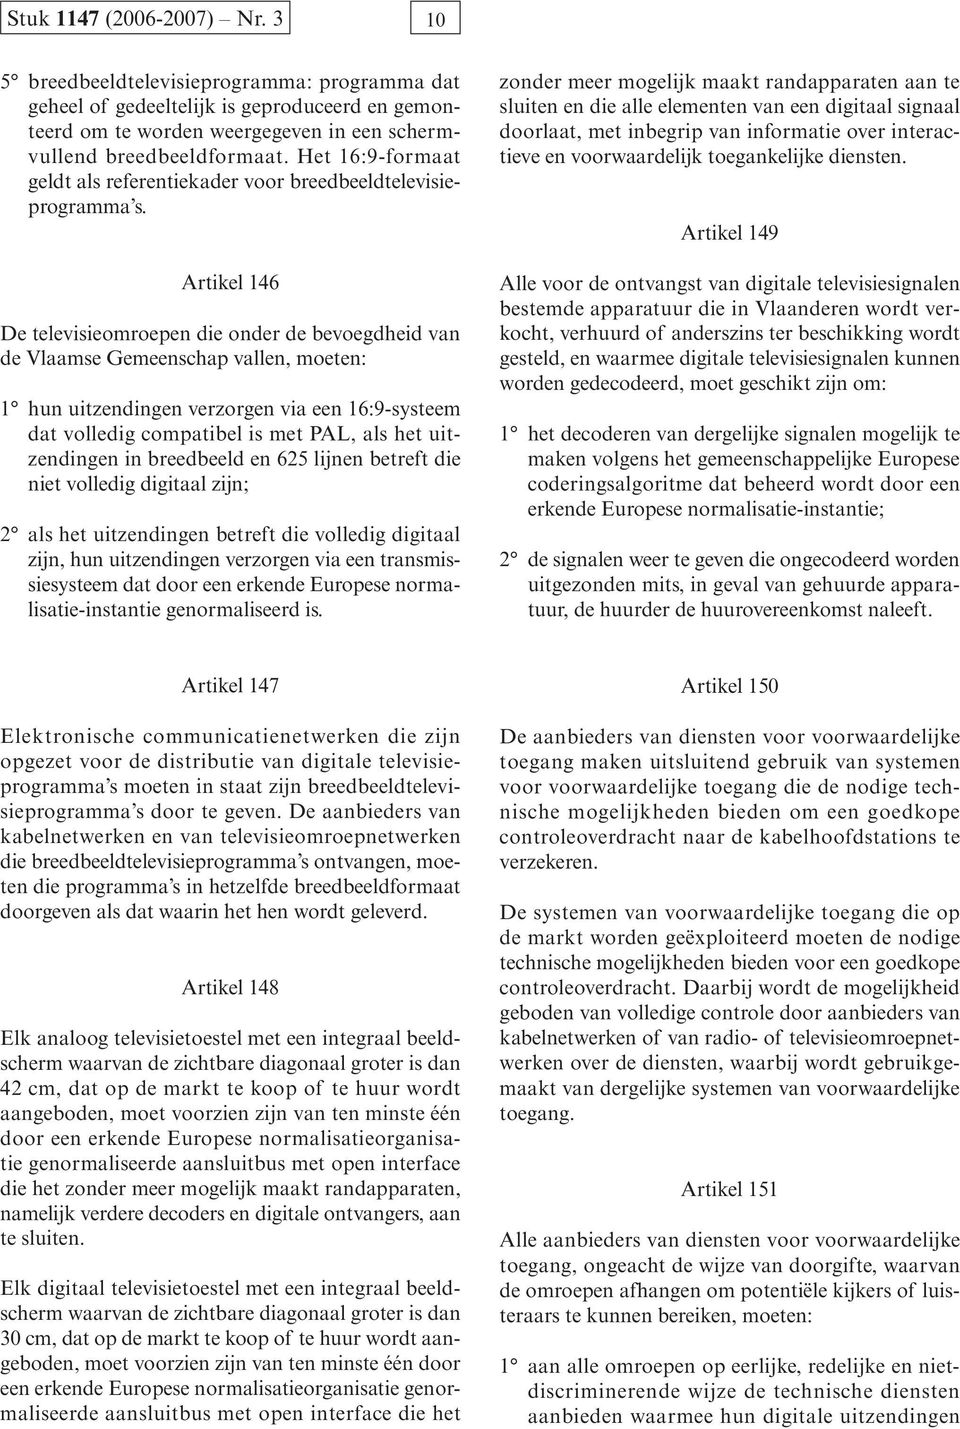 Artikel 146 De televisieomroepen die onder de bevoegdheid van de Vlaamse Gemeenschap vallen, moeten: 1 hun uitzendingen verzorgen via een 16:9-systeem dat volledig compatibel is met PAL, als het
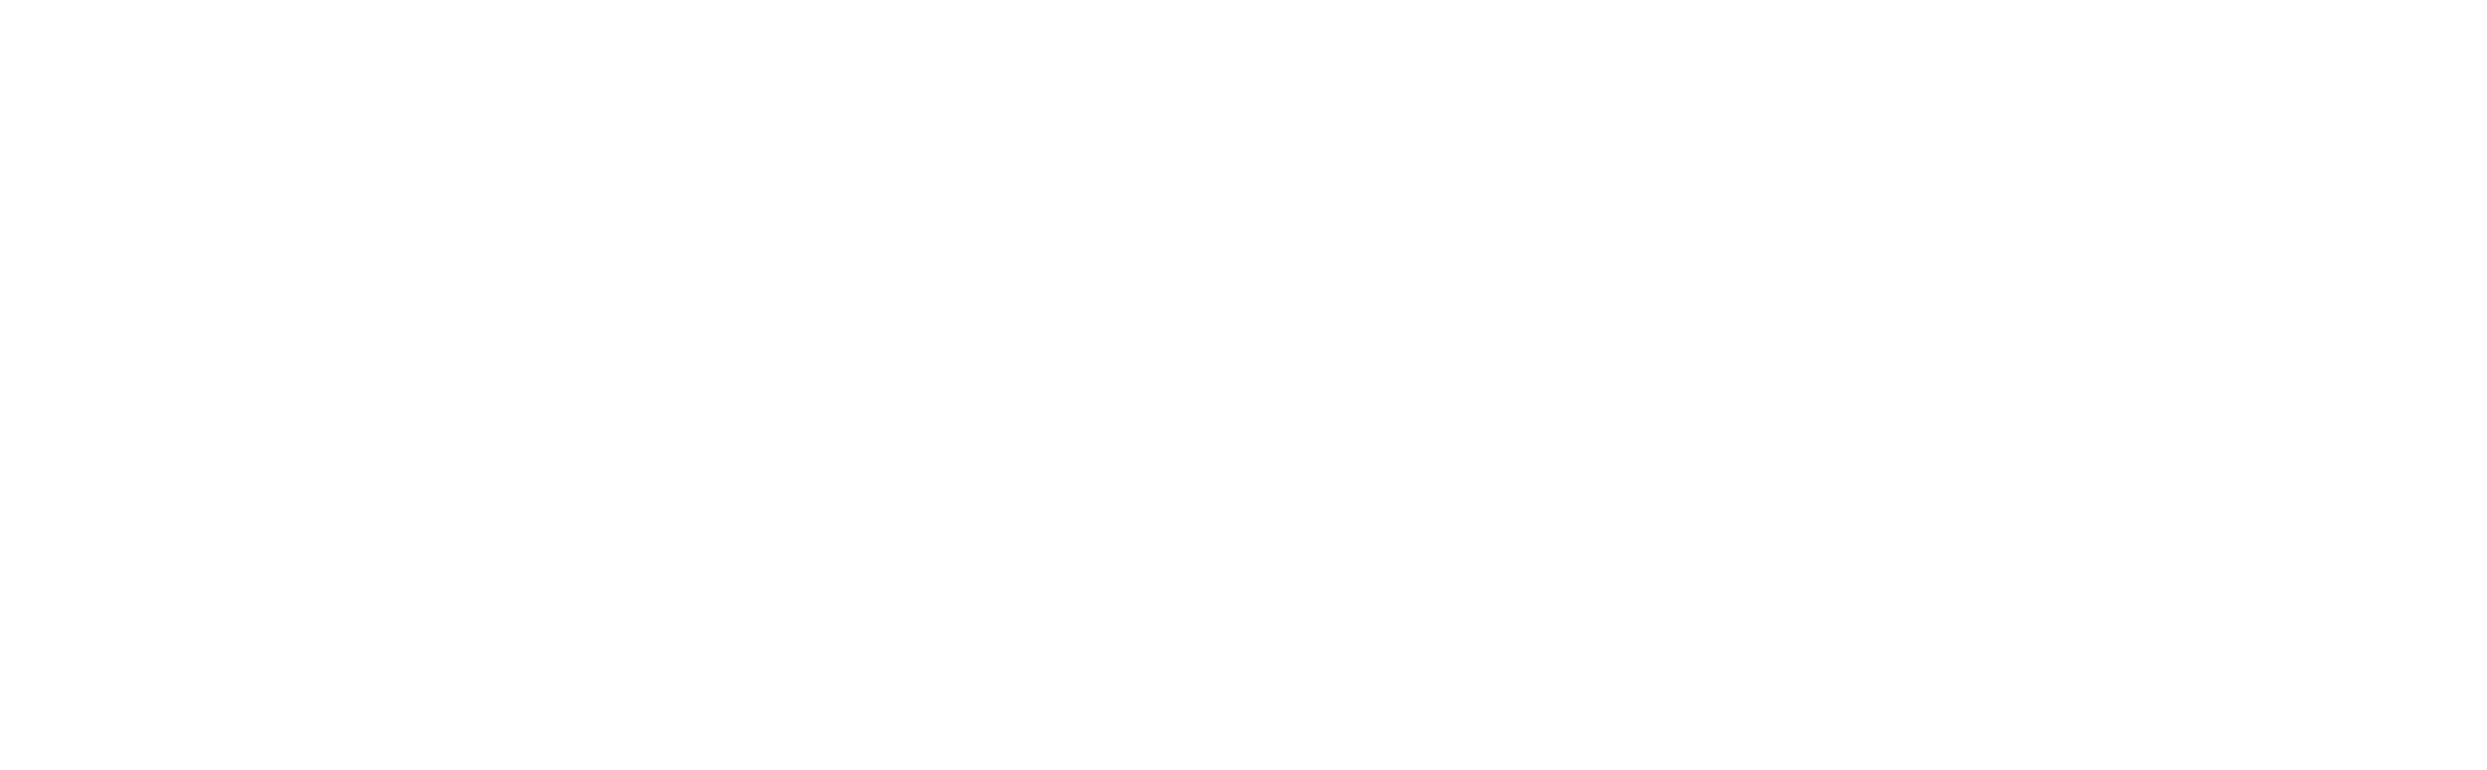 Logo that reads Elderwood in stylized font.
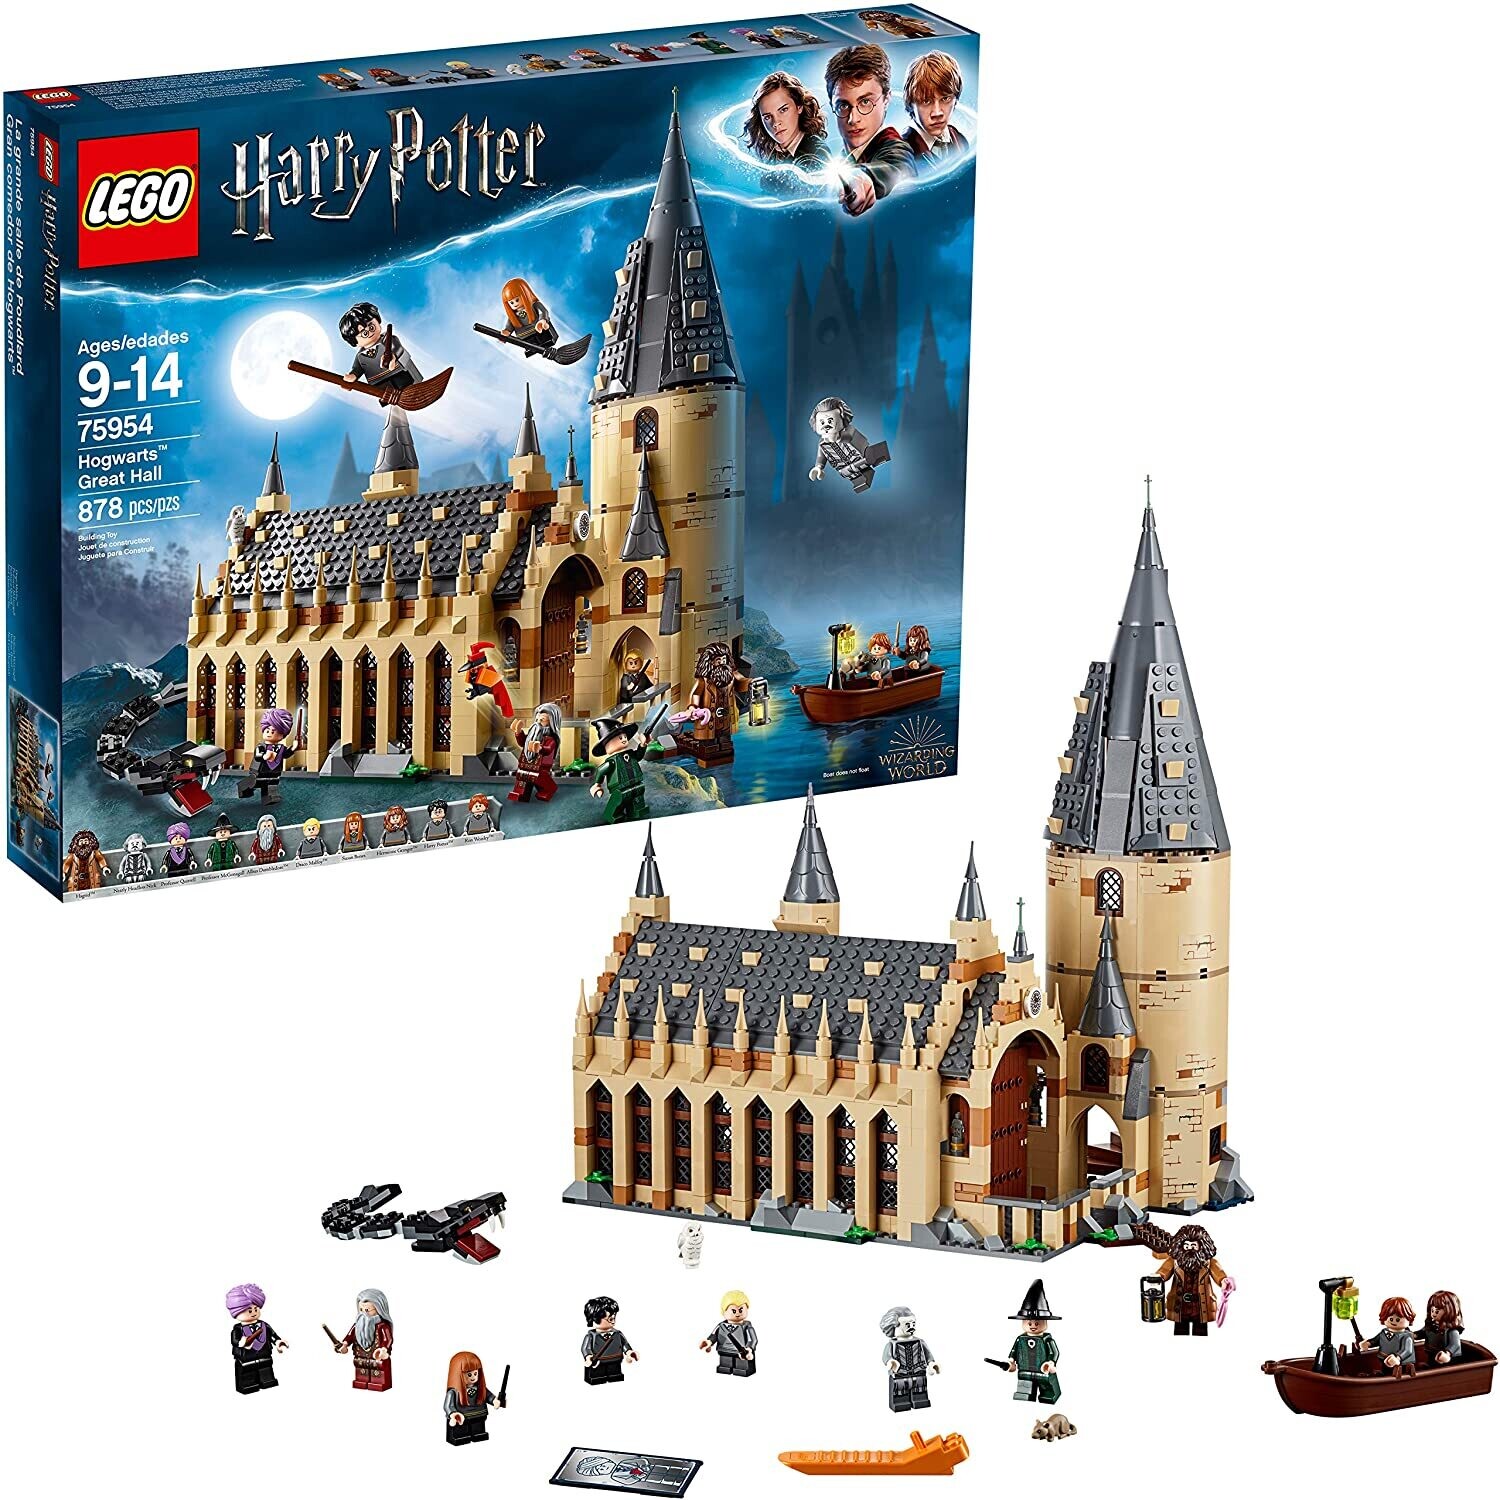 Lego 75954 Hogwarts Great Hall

* REQUIRED WORK:
Give the lines from the one containing "Logo that reads Elderwood in stylized font." through the last line of the material again, exactly and with no pictures, both ends included.

* SOLUTION:
 Logo that reads Elderwood in stylized font.
 Lego 75954 Hogwarts Great Hall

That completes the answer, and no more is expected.